Connector | GRPC Request | Field Set by Key | Field Set by Value | Notes |
---|---|---|---|---|
WfRunSinkConnector | rpc RunWf | id | variables | The ConnectRecord 's value must be a Kafka Connect MAP or STRUCT . Each entry becomes a variable in the RunWfRequest . |
ExternalEventSinkConnector | rpc PutExternalEvent | wf_run_id | content | |
CorrelatedEventSinkConnector | rpc PutCorrelatedEvent | key | content | The ConnectRecord key cannot be null |
If the ConnectRecord
key is set, then all of the connectors are idempotent. Note that the CorrelatedEventSinkConnector
requires that the key is set.
Developer Notes
The following section contains useful notes for developers using the connectors.
Data Types
Note that LittleHorse kernel is data type aware. When reading data from the Kafka topic with any of our three Connectors, the data types in the topic correlate with the data LittleHorse kernel expects.

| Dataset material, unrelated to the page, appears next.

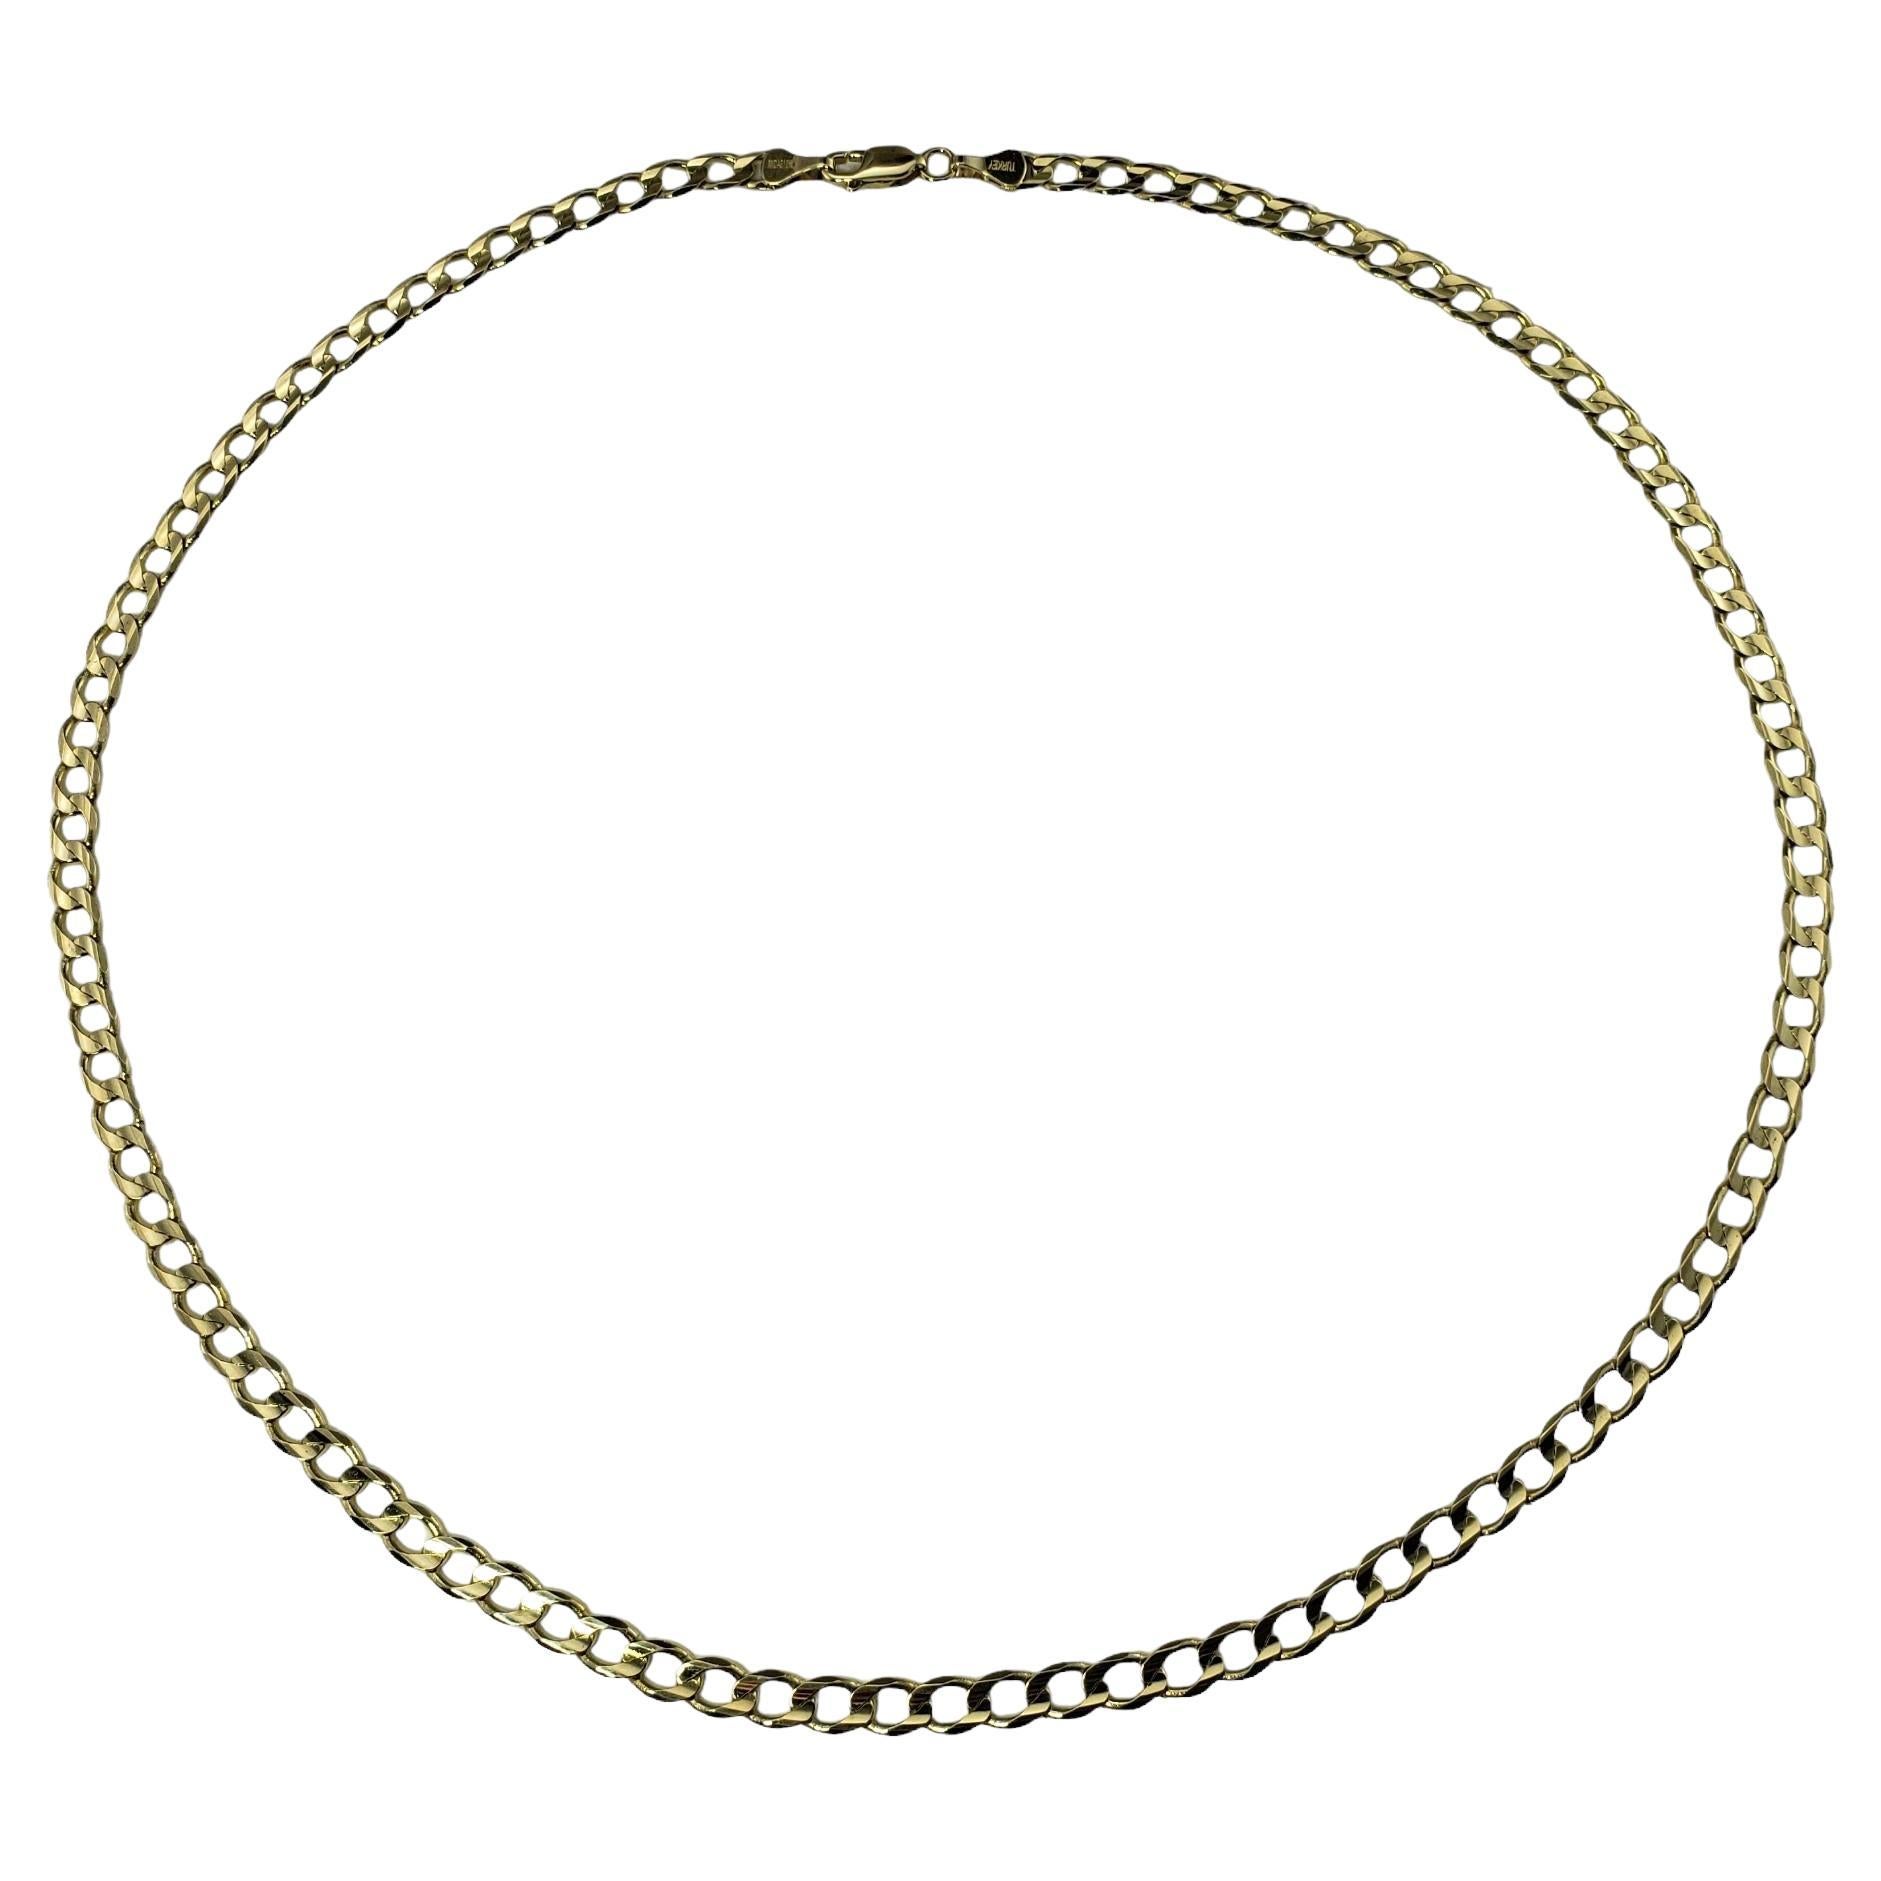 Vintage 10 Karat Yellow Gold Curb Chain Necklace #15329 For Sale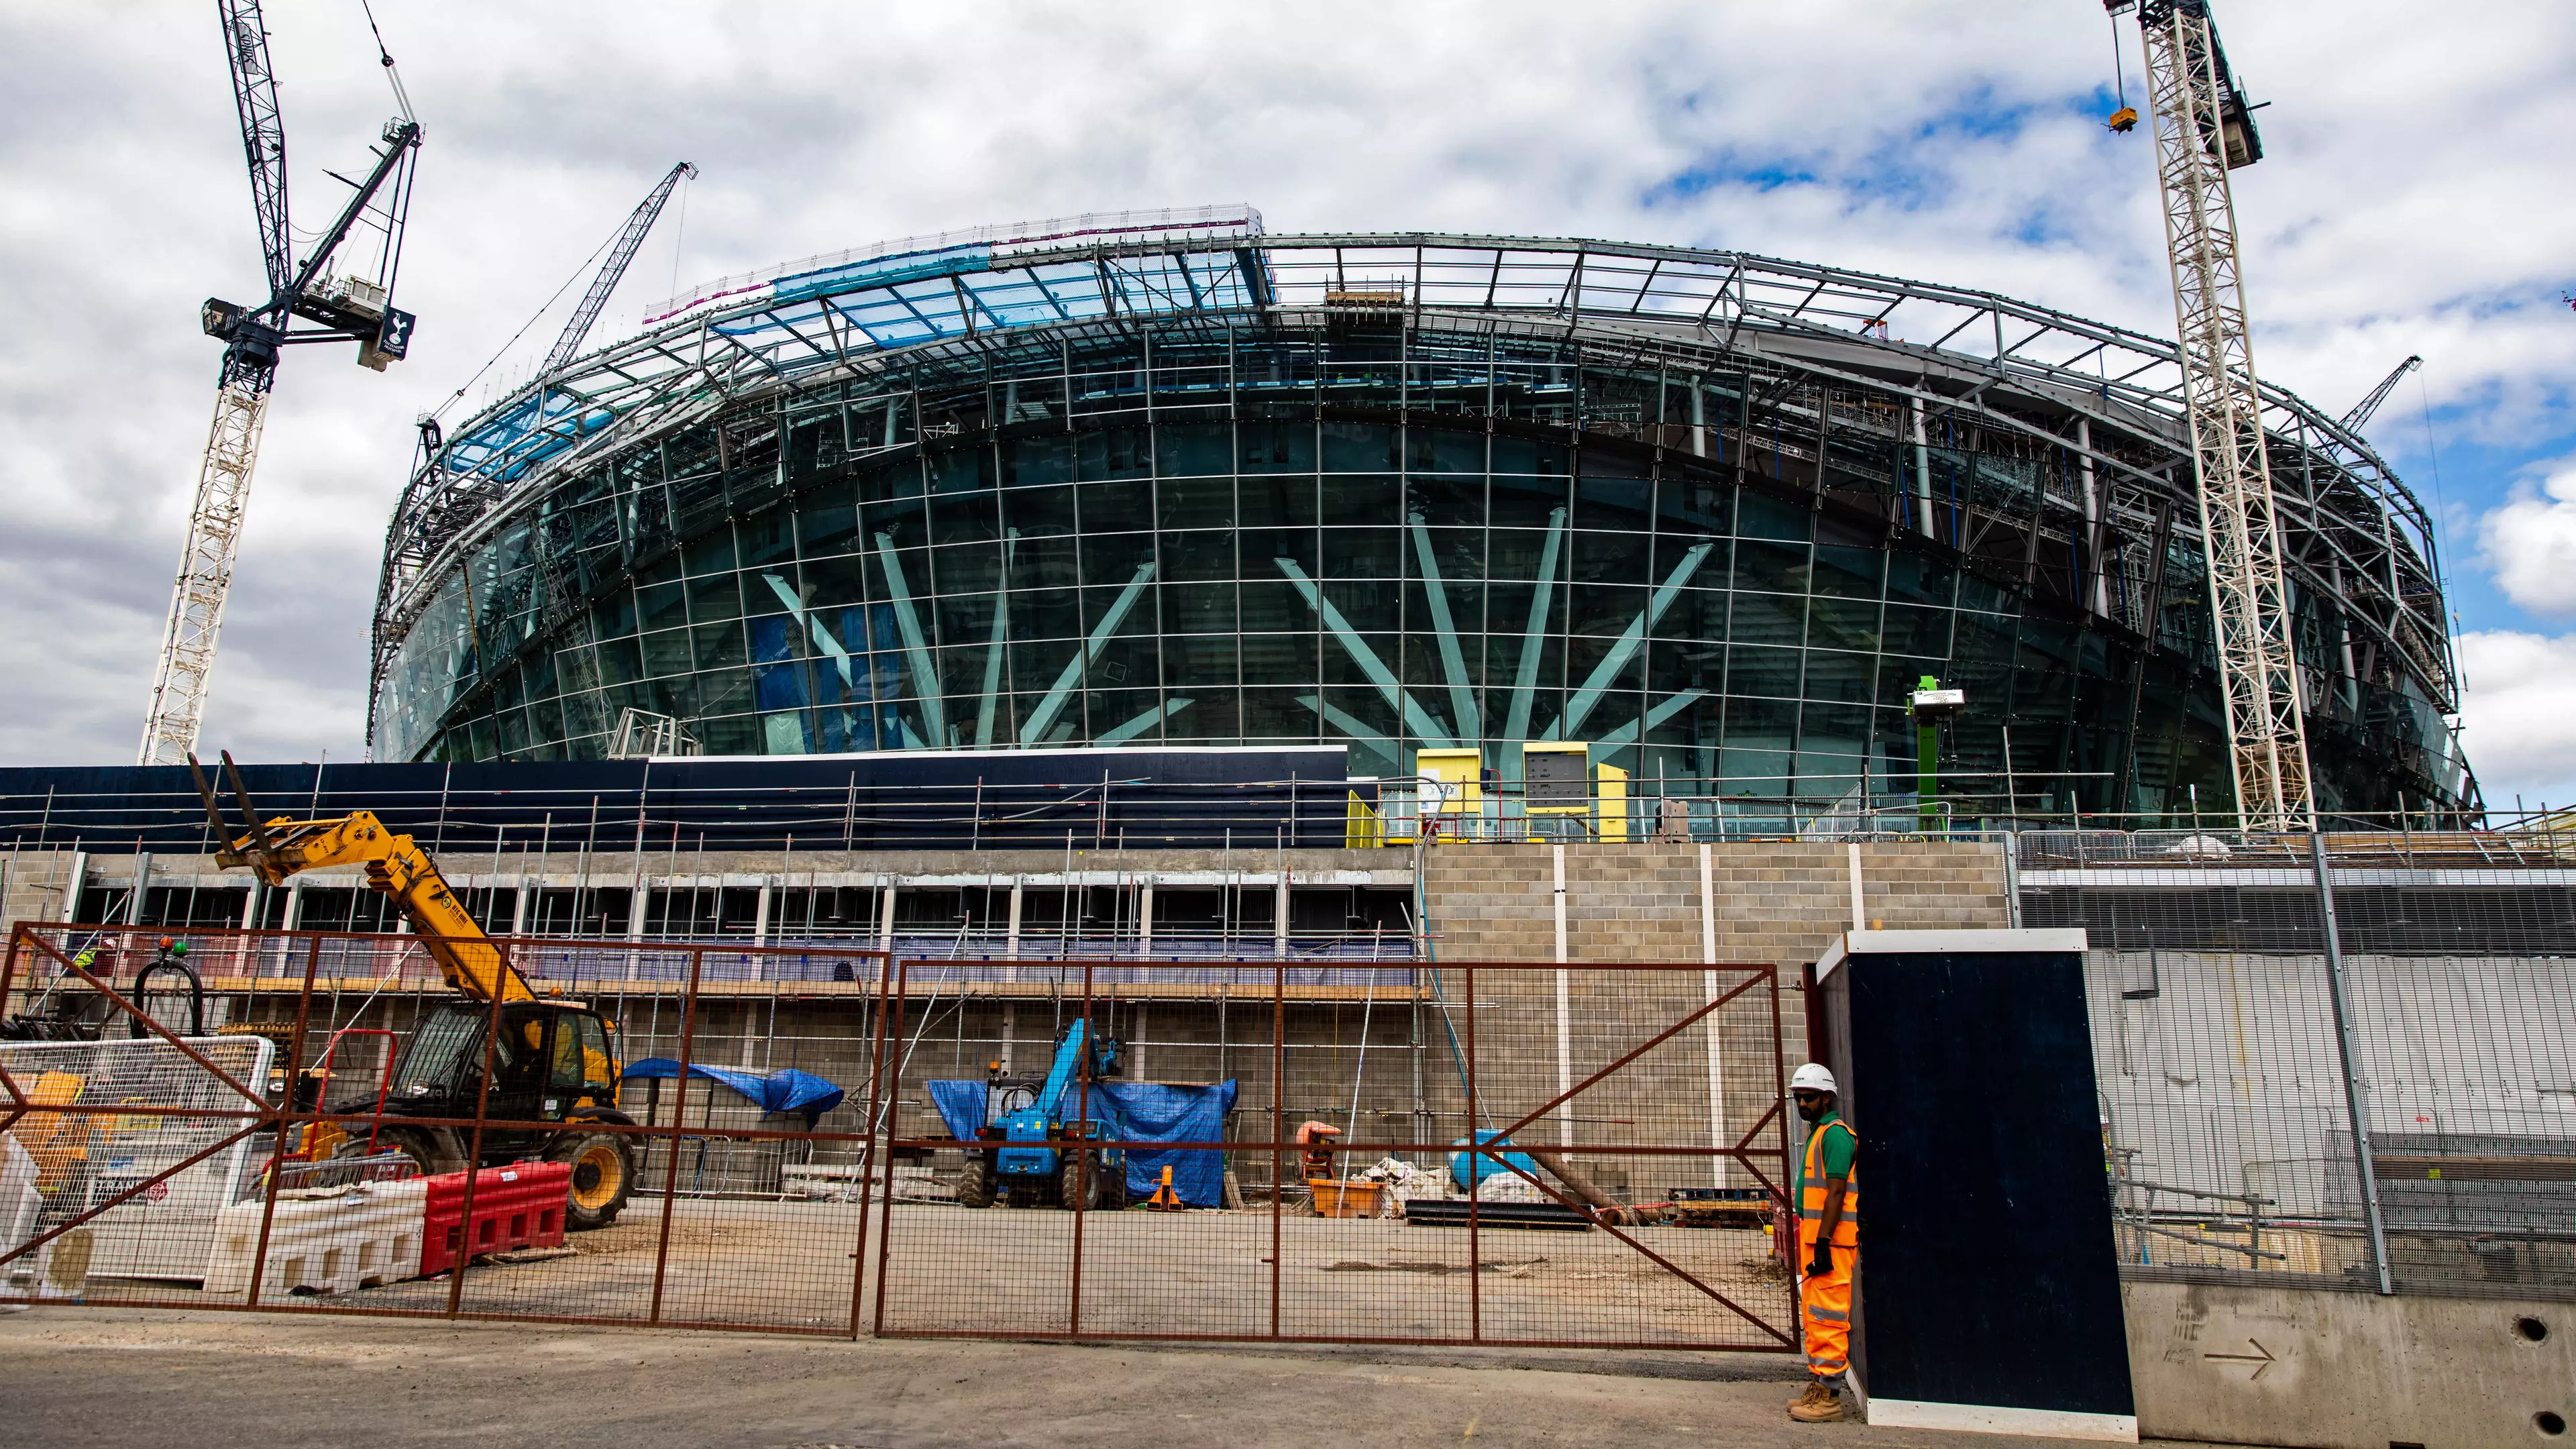 Report Alleges That Workers At Spurs Stadium Were On Alcohol And Cocaine

A common issue is with the Boolean data type. If LittleHorse kernel expects a Boolean type "True" or "False", this must match Boolean data type in the schema of the topic.
For testing it is common to use kafka-console-producer.sh
tool provided by Apache Kafka, this tool can only produce String or Integer values. In order to accuratly send a primitive type other than String or Integer you must use a converter in the Kafka Connect connector configuration.
Example:
{
"name": "external-identity-verified",
"config": {
"tasks.max": 2,
"topics": "names",
"connector.class": "io.littlehorse.connect.ExternalEventSinkConnector",
"key.converter": "org.apache.kafka.connect.storage.StringConverter",
"value.converter": "org.apache.kafka.connect.storage.StringConverter",
"lhc.api.port": 2023,
"lhc.api.host": "localhost",
"lhc.tenant.id": "default",
"transforms": "Cast",
"transforms.Cast.type": "org.apache.kafka.connect.transforms.Cast$Value",
"transforms.Cast.spec": "boolean",
"external.event.name": "identity-verified"
}
}
Note the lines that begin with "transforms", with those we are casting the String data type sent by kafka-console-producer.sh
to the primitive Boolean.
For more information:
- https://docs.confluent.io/kafka-connectors/transforms/current/cast.html
- https://docs.confluent.io/kafka-connectors/transforms/current/overview.html
Converters
These connectors support Protobuf
, Json
and Avro
through converters.
More about converters at Kafka Connect Converters
External Secrets
Kafka connect ensures provisioning secrets through the ConfigProvider interface, so these connectors support external secrets by default.
More about secrets at Externalize Secrets.